Try it> In this exercise, print only the lines of the records below from the one with "100% Cotton Microwavable" through the one with "HERMES Fauve cognac", inclusive. Pictures are not part of the copy.
++++ Provided records
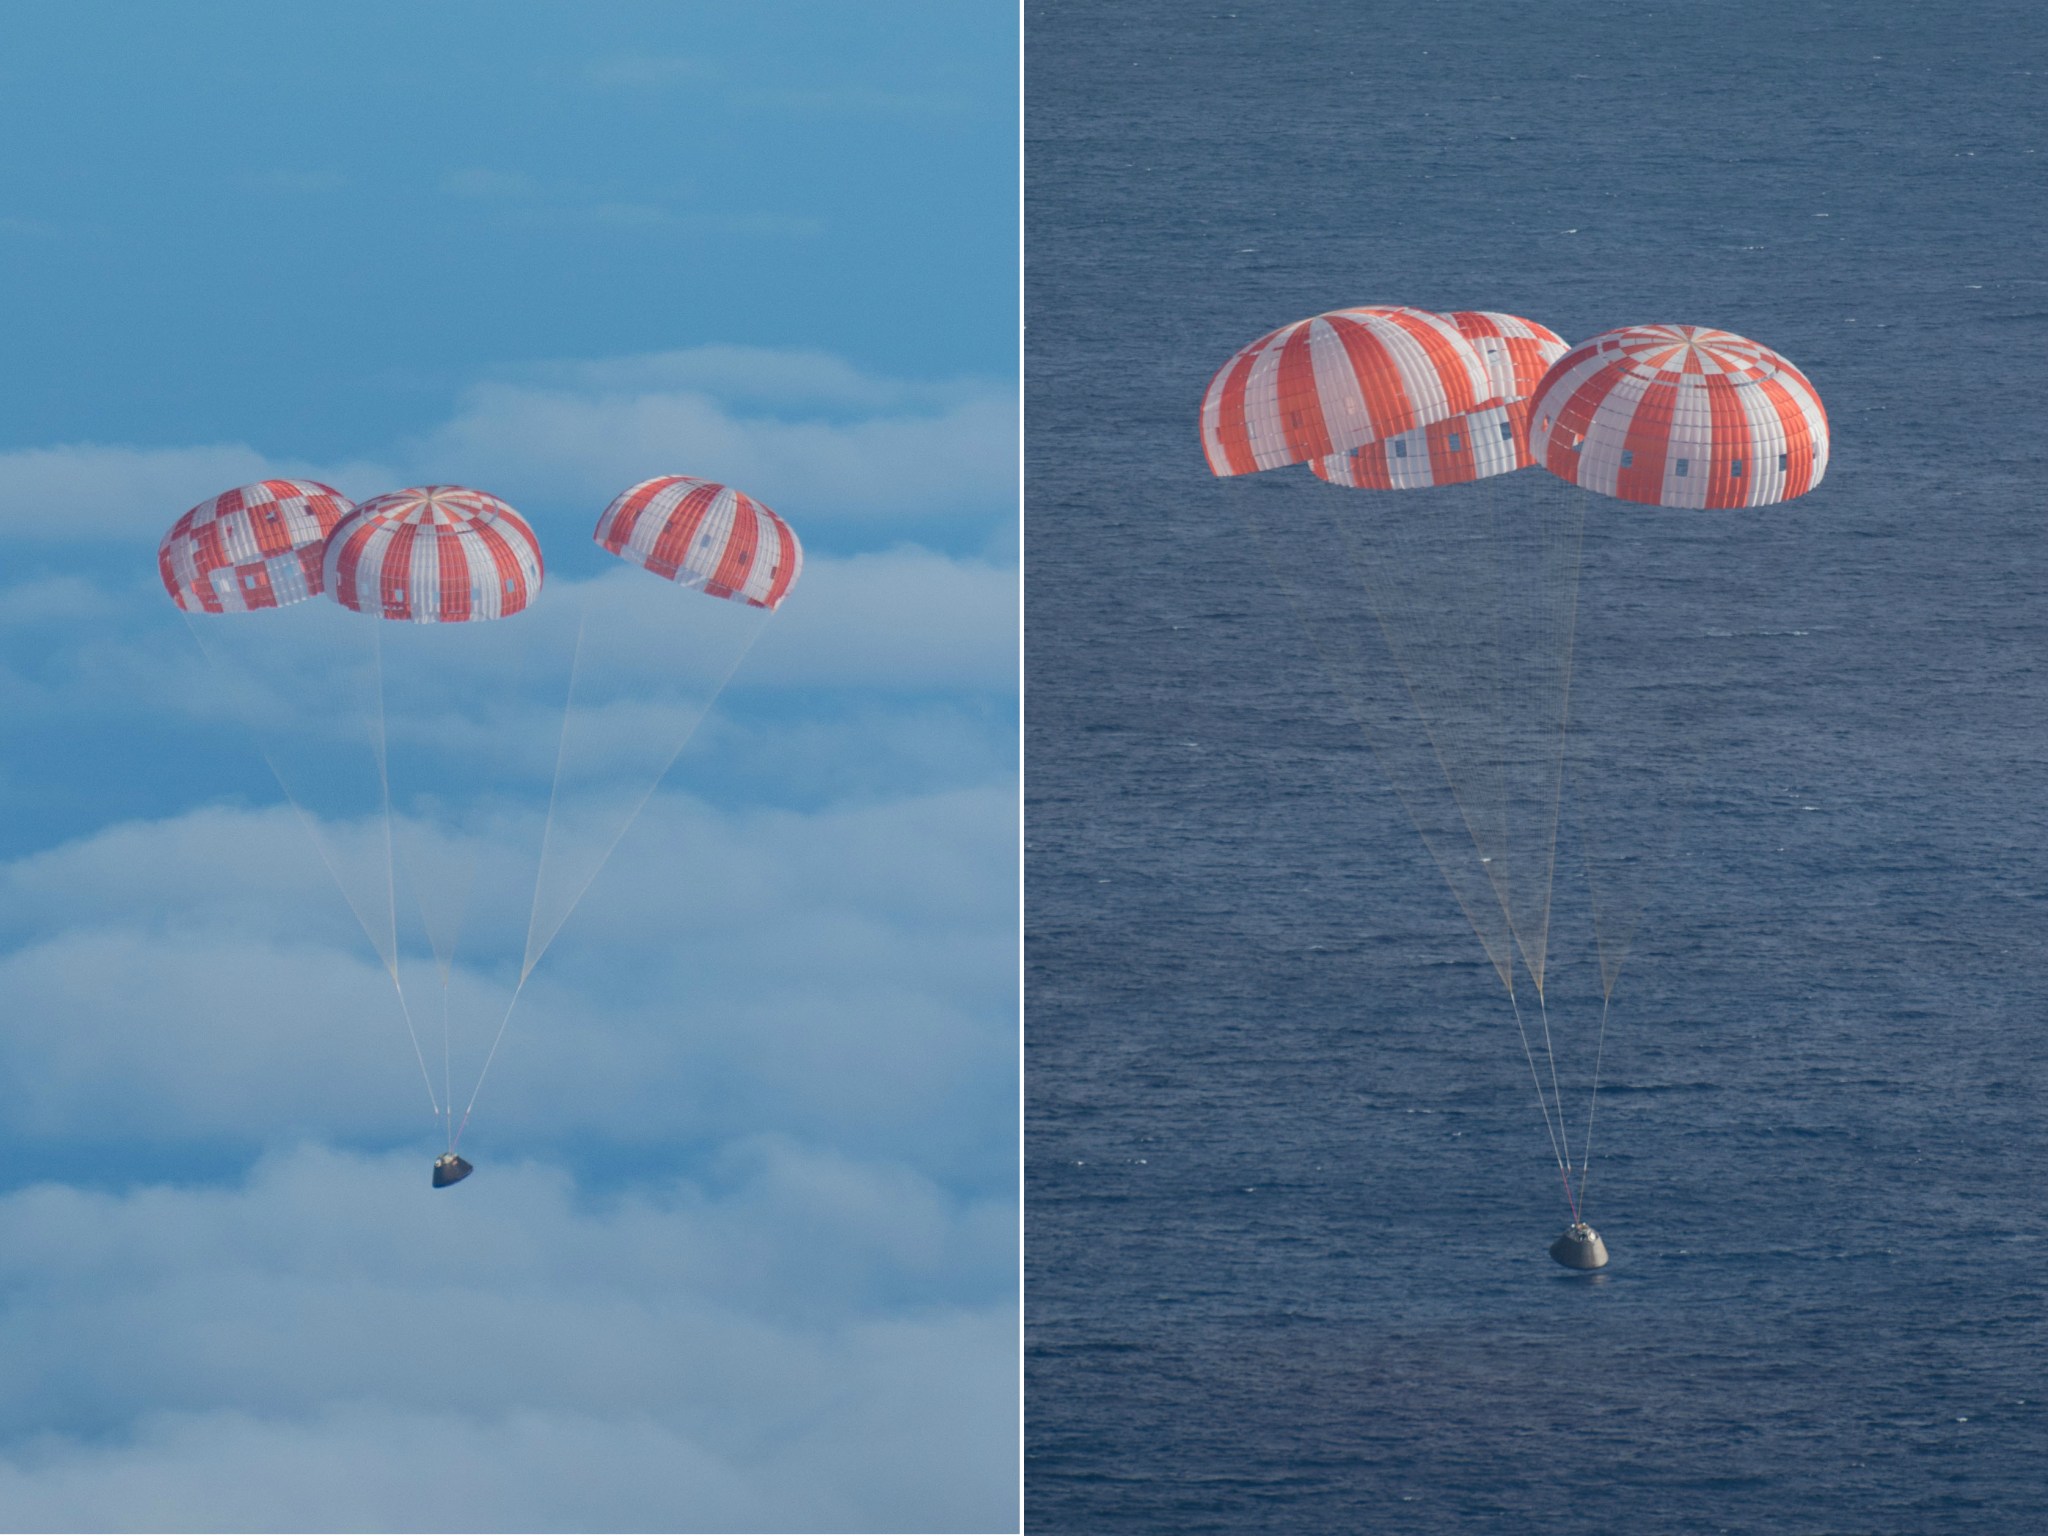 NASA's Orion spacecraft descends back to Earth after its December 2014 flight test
++++++++
++++ Provided records
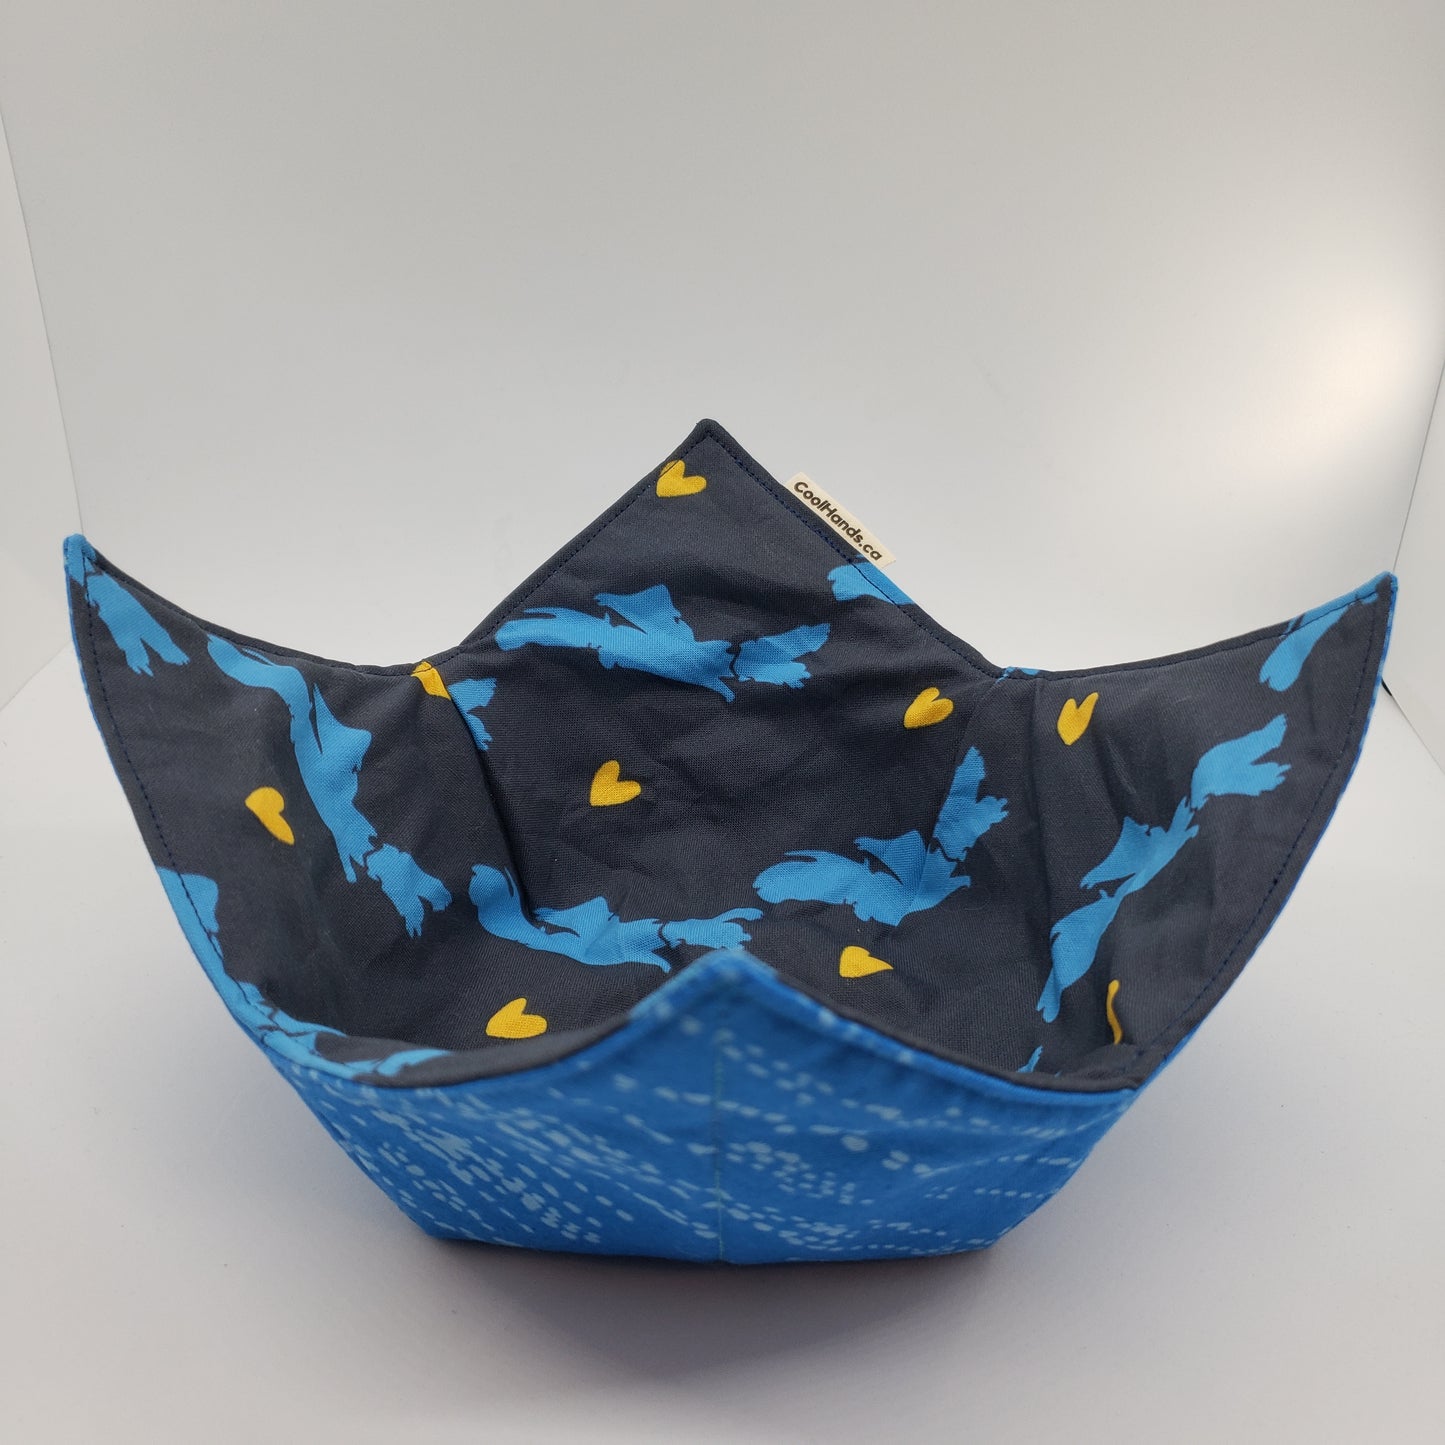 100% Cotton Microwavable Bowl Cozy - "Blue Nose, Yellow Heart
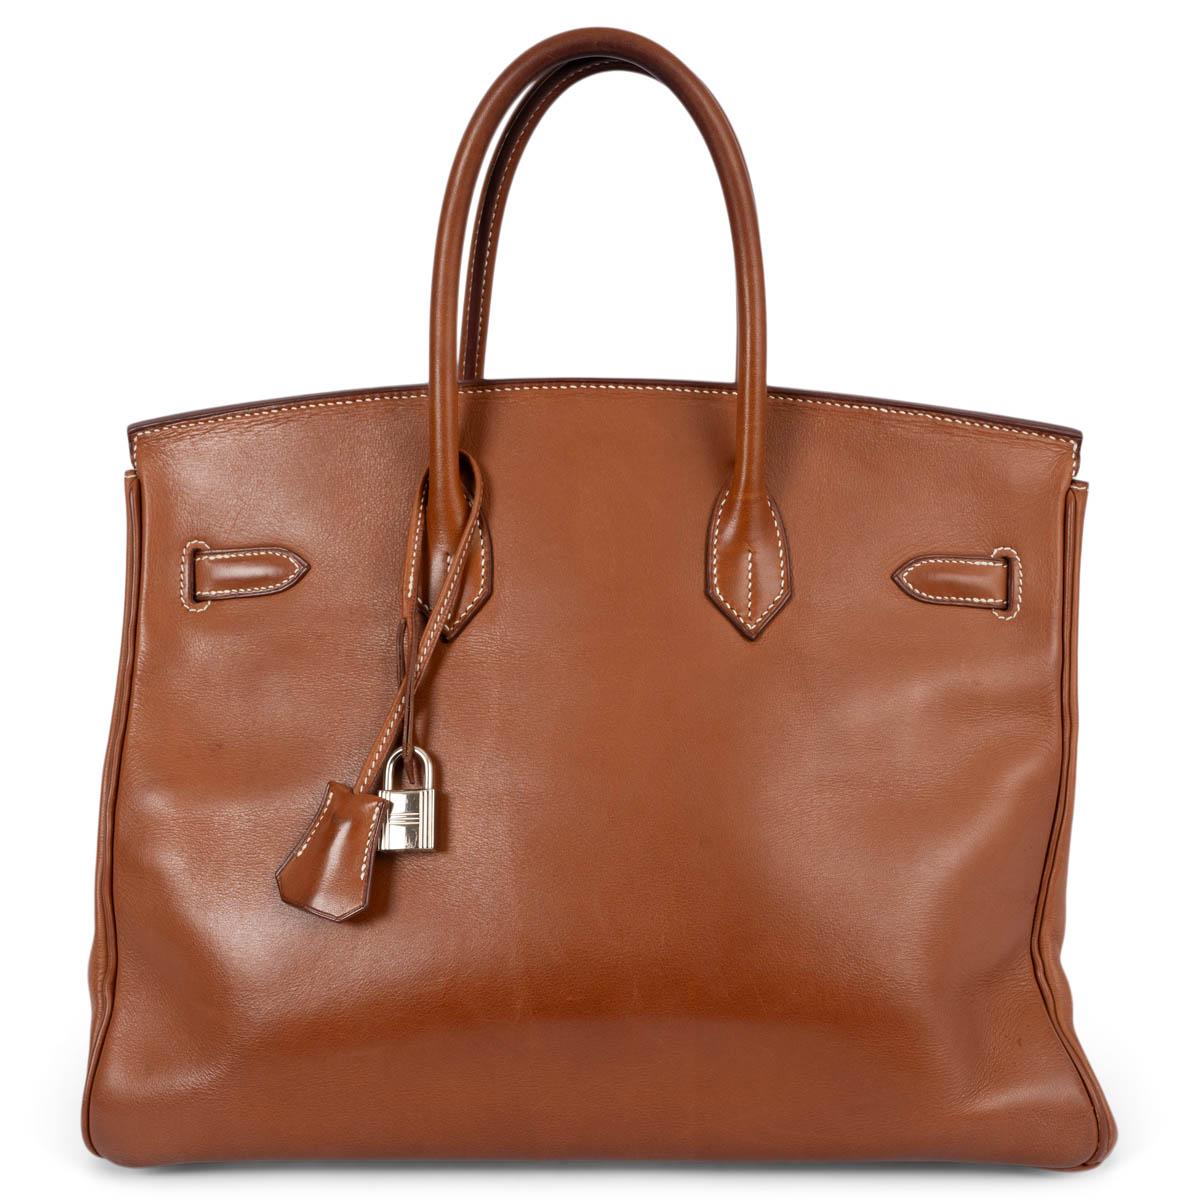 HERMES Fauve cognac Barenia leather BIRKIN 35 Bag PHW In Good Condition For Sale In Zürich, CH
++++++++
++++ Provided records
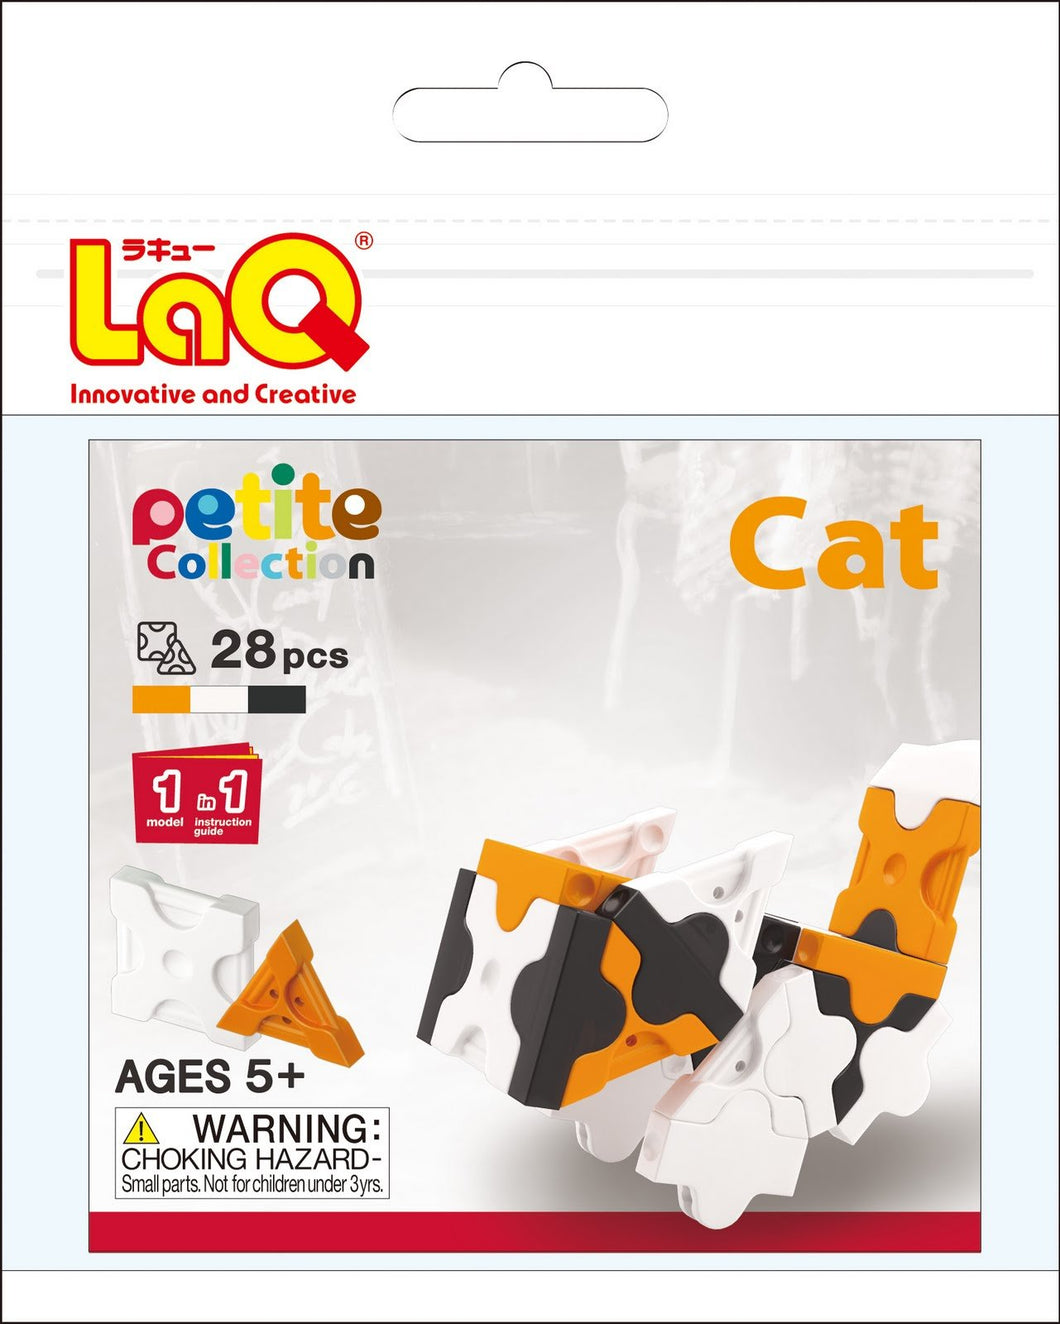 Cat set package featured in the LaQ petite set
++++++++
Response to this task>
 100% Cotton Microwavable Bowl Cozy - "Blue Nose, Yellow Heart
 HERMES Fauve cognac Barenia leather BIRKIN 35 Bag PHW In Good Condition For Sale In Zürich, CH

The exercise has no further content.